Generation and basic characterization of a gene‐trap knockout mouse model of Scn2a with a substantial reduction of voltage‐gated sodium channel Na v 1.2 expression

Large‐scale genetic studies revealed SCN2A as one of the most frequently mutated genes in patients with neurodevelopmental disorders. SCN2A encodes for the voltage‐gated sodium channel isoform 1.2 (Na v 1.2) expressed in the neurons of the central nervous system. Homozygous knockout (null) of Scn2a in mice is perinatal lethal, whereas heterozygous knockout of Scn2a ( Scn2a +/− ) results in mild behavior abnormalities. The Na v 1.2 expression level in Scn2a +/− mice is reported to be around 50–60% of the wild‐type (WT) level, which indicates that a close to 50% reduction of Na v 1.2 expression may not be sufficient to lead to major behavioral phenotypes in mice. To overcome this barrier, we characterized a novel mouse model of severe Scn2a deficiency using a targeted gene‐trap knockout (gtKO) strategy. This approach produces viable homozygous mice ( Scn2a gtKO/gtKO ) that can survive to adulthood, with about a quarter of Na v 1.2 expression compared to WT mice.
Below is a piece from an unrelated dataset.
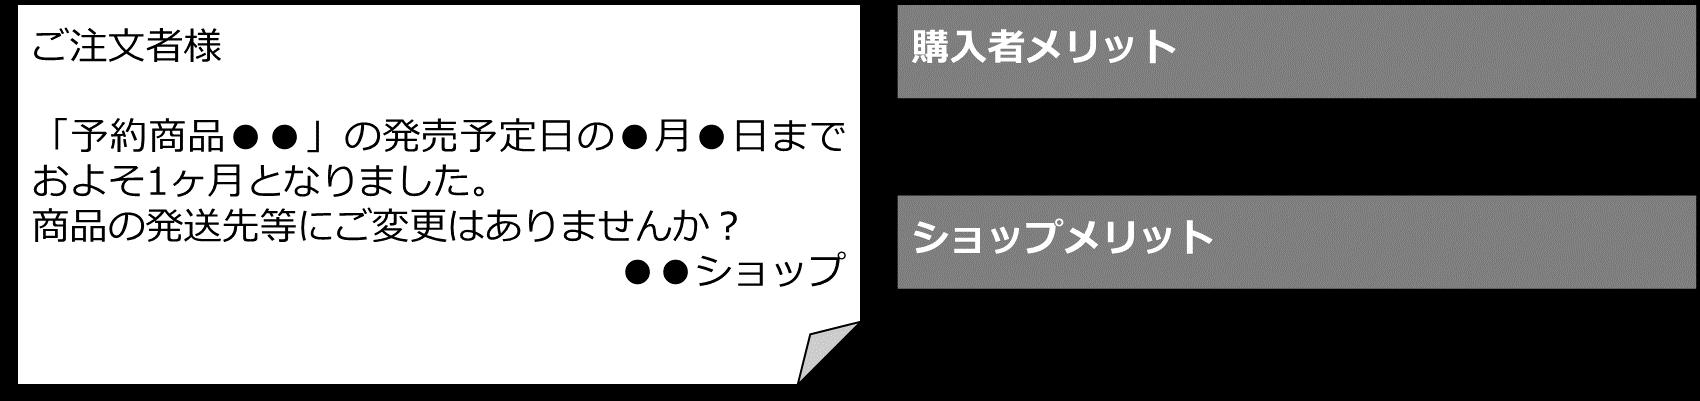 160808-2

Innate behaviors like nesting and mating were profoundly disrupted in Scn2a gtKO/gtKO mice. Notably, Scn2a gtKO/gtKO mice have a significantly decreased center duration compared to WT in the open field test, suggesting anxiety‐like behaviors in a novel, open space. These mice also have decreased thermal and cold tolerance. Additionally, Scn2a gtKO/gtKO mice have increased fix‐pattern exploration in the novel object exploration test and a slight increase in grooming, indicating a detectable level of repetitive behaviors. They bury little to no marbles and have decreased interaction with novel objects. These Scn2a gene‐trap knockout mice thus provide a unique model to study pathophysiology associated with severe Scn2a deficiency.